Nominò suoi eredi Gaio, figlio di Germanico, e il nipote Tiberio Gemello, figlio di Druso. Nel 37, quando Tiberio morì, gli successe il venticinquenne figlio di Germanico, soprannominato dalle truppe Caligola, che a sua volta adottò e designò alla successione Tiberio Gemello, messo a morte poco dopo.
Le opposte tendenze della critica storica nel giudizio sulla personalità di Tiberio trovano la loro ragion d’essere nelle reali contraddizioni in cui si dibatté l’azione del successore d’Augusto dal principio alla fine del suo principato; “gli storici infatti, e più in generale gli scrittori posteriori a Tiberio, sono quasi tutti concordi nell’attribuirgli moderazione, assennatezza nei primi tempi del principato, a cui seguono poi crudeltà, scelleratezze e dissolutezze via via crescenti; ma sono meno concordi sulla spiegazione di questo fatto, cioè sul problema se Tiberio fosse dotato all’inizio di buone qualità e subisse più tardi un processo di degenerazione, oppure se avesse fin dai primi anni qualità negative che, mascherate per un certo periodo, egli andò poi rivelando in maniera sempre più evidente” [47].
Vi sono contraddizioni, sulle quali ha pesato poi la mano degli storici antichi, che hanno tratteggiato nelle loro opere la figura del secondo imperatore romano, illuminando di luce ora favorevole ora sinistra i diversi aspetti della sua politica, a seconda delle loro personali predilezioni o avversità.

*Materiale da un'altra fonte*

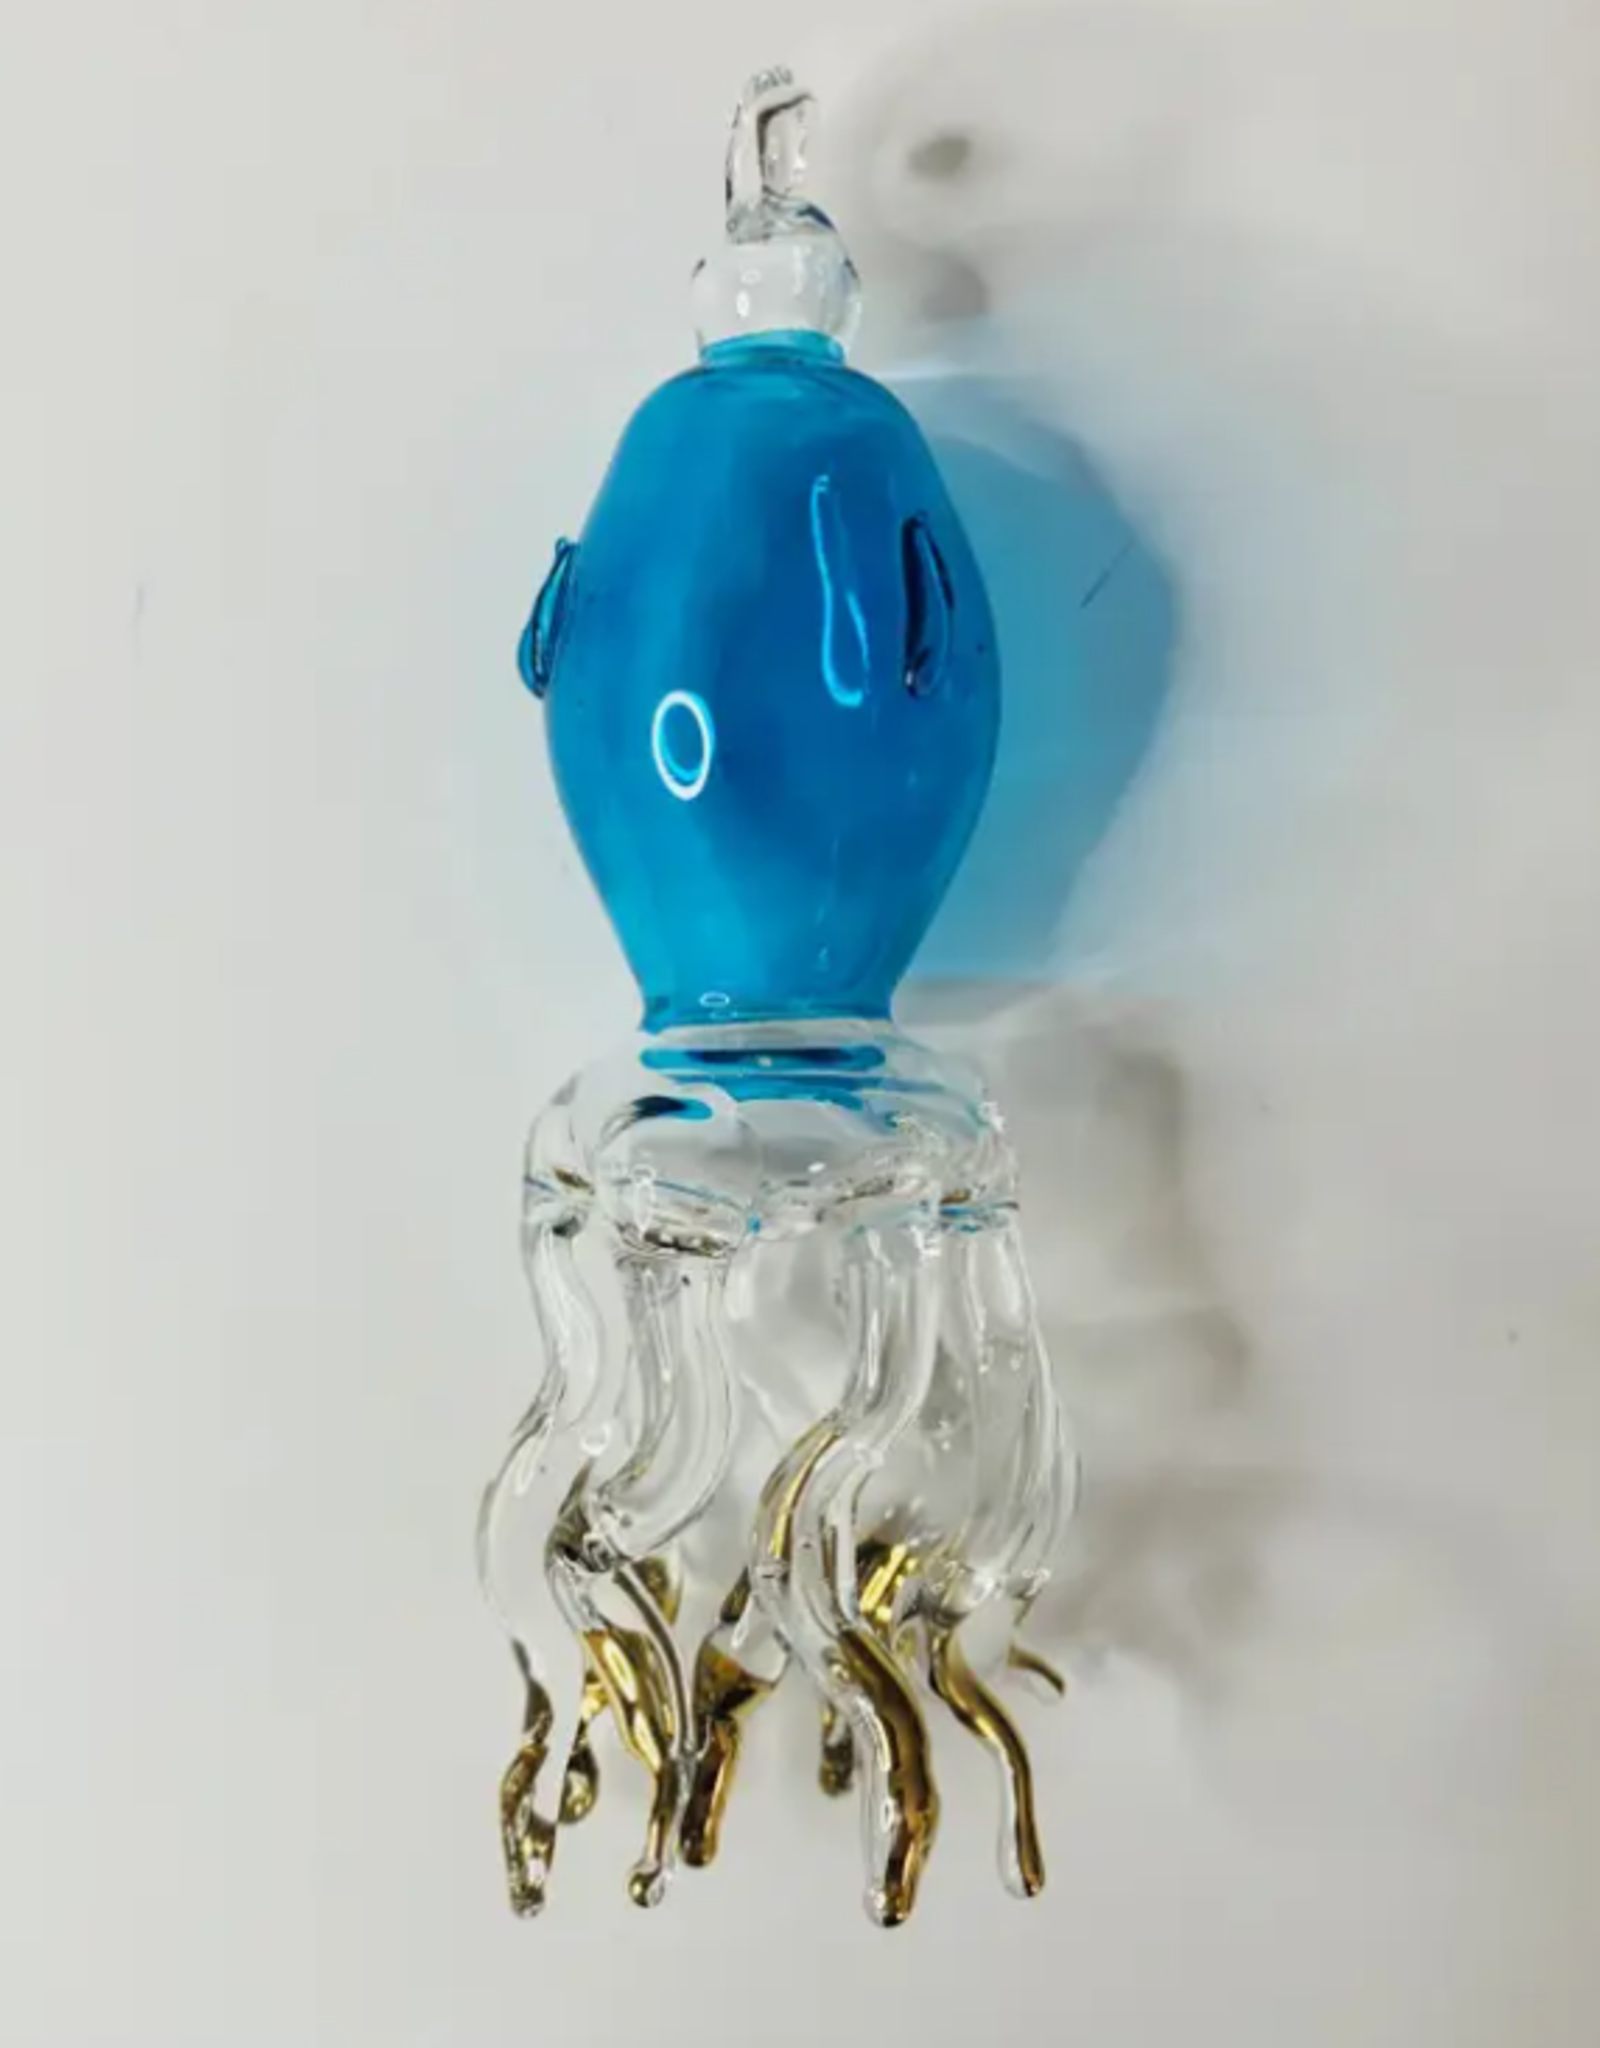 Dandarah Blown Glass Ornament - Turquoise Octopus in Motion

“Plinio Maggiore afferma che Tiberio in vecchiaia fu rigido e perfino crudele (Nat. Hist. XIV, 144), e con ciò sembra implicitamente ammettere che tale non fu negli anni precedenti. Sostanzialmente concordi nel presentare Tiberio in complesso come moderato e assennato all’inizio, e poi come progressivamente più feroce e tirannico, sono i tre autori che costituiscono le fonti principali per la vita di questo imperatore, cioè Tacito, Suetonio e Dione Cassio.
Dione Cassio è l’unico che pone il dilemma - lasciandolo però irrisolto - se Tiberio fosse perverso per natura e simulatore nei primi tempi, oppure possedesse buone qualità iniziali che poi si guastarono (LVII, 13, 6). E ancora Dione Cassio, in un giudizio riassuntivo su Tiberio, riconosce in lui grande abbondanza di pregi e di difetti, includendolo in un certo modo nella categoria dei personaggi «paradossali» (LVIII, 28, 5).
Quanto a Suetonio, dopo aver parlato di molti atti di moderazione e perfino di eccessiva modestia di Tiberio, e quindi del suo aggressivo peggioramento, gli attribuisce poi un’indole perversa fin da fanciullo (e anche a Capri, cap. 42).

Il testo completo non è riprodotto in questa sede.